Landkreis (wil). Als "politischen Skandal sondergleichen" hat es der CDU-Landtagsabgeordnete Friedel Pörtner bezeichnet, dass seine Rintelner Landtagskollegin Ursula Helmhold, Spitzenkandidatin der Grünen für die Landtagswahl 2008, eine politische "Kooperation mit der neuen Linken nicht kategorisch ausschließt". Dies ist laut Pörtner vom Landesvorsitzenden der Linkspartei, Dieter Dehm, in einem Zeitungsinterview auch ausdrücklich begrüßt worden. Zudem habe sich Helmhold auch in der jüngsten Landtagssitzung nicht definitiv von einer möglichen Koalition mit der Linkspartei distanziert.

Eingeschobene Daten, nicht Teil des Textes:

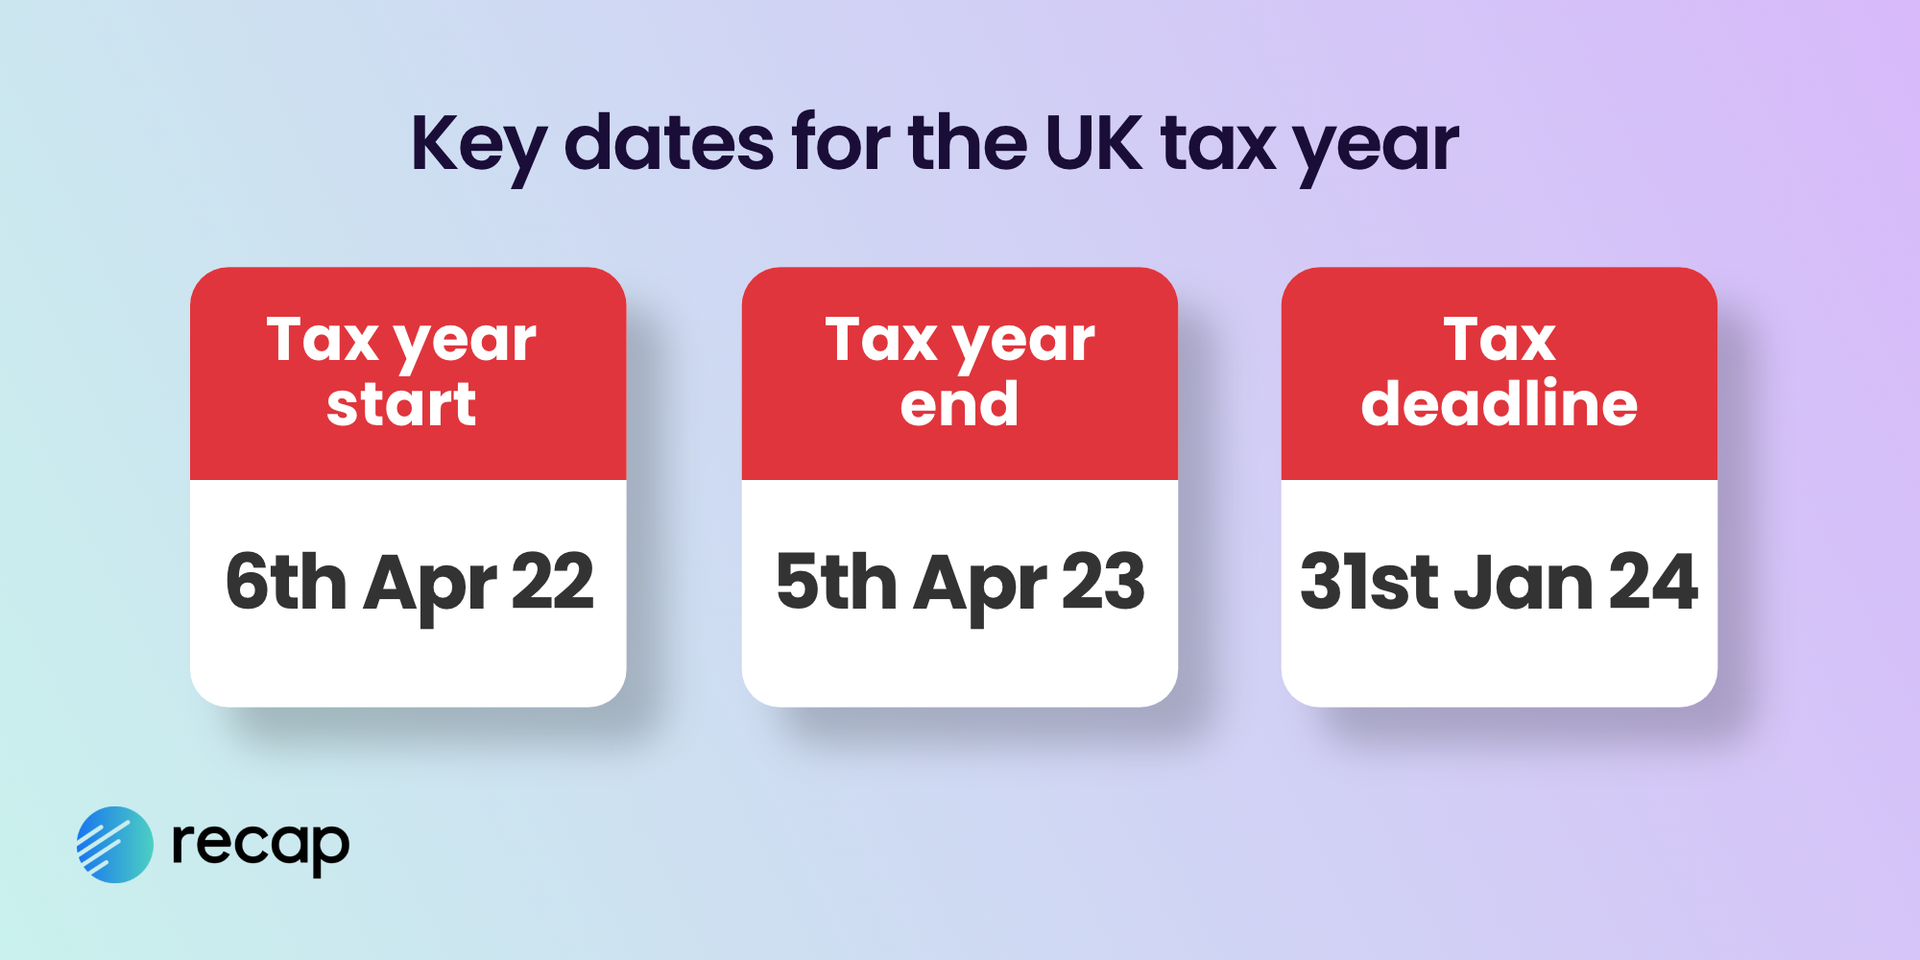 Key dates for the UK tax year

veröffentlicht am 27.02.2009 um 12:33 Uhr

"Ich halte dies für einen politischen Skandal sondergleichen, denn wenn es einerseits darum geht, politisch Front zu machen gegen Rechtsradikale - wie alle Demokraten im niedersächsischen Landtag, einschließlich der CDU - dann marschiert sie an der Spitze der Bewegung. Wenn es hingegen andererseits aus grundsätzlich demokratischen Überlegungen angebracht ist, dieses auch gegen Linksextremisten und Linksradikale zu tun, dann schleicht sie sich in die Büsche beziehungsweise ist aus machtopportunistischen Gründen bereit, dieses Bündnis mit den Linken einzugehen", zeigte sich Pörtner empört. Deshalb müsse diese Tatsache bis zum Wahltag immer wieder in der Öffentlichkeit herausgestellt werden, denn für die politische Entscheidungsfindung gerade der Neuwähler und der noch unentschlossenen Wähler sei dies von entschiedener Bedeutung. "Eine politische Partei, die bei den letzten demoskopischen Umfragen auf nationaler Ebene auf zehn bis zwölf Prozent gekommen ist, ist keine ?Phantompartei' mehr, wie es die Spitzenkandidatin der Grünen der Bevölkerung weiszumachen versucht. Im Gegenteil, sie ist eine ernst zu nehmende Gefahr für unsere parlamentarische Demokratie und unsere freiheitliche Gesellschaft insgesamt", so Pörtner. Für einen "wirklichen Demokraten" käme eine solche Partei von Anfang an als Koalitionspartner nicht in Betracht. Vielmehr sei Helmhold "auf dem linken Auge offensichtlich blind", während sie auf dem rechten zu Recht überscharf hinsehen würde. Deshalb handle es sich um einen politischen Skandal, der nur den Schluss zulasse, dass gegen diese Art von "politischer Helmholderisierung" der niedersächsischen Landespolitik mit aller Macht vorgegangen werden müsse.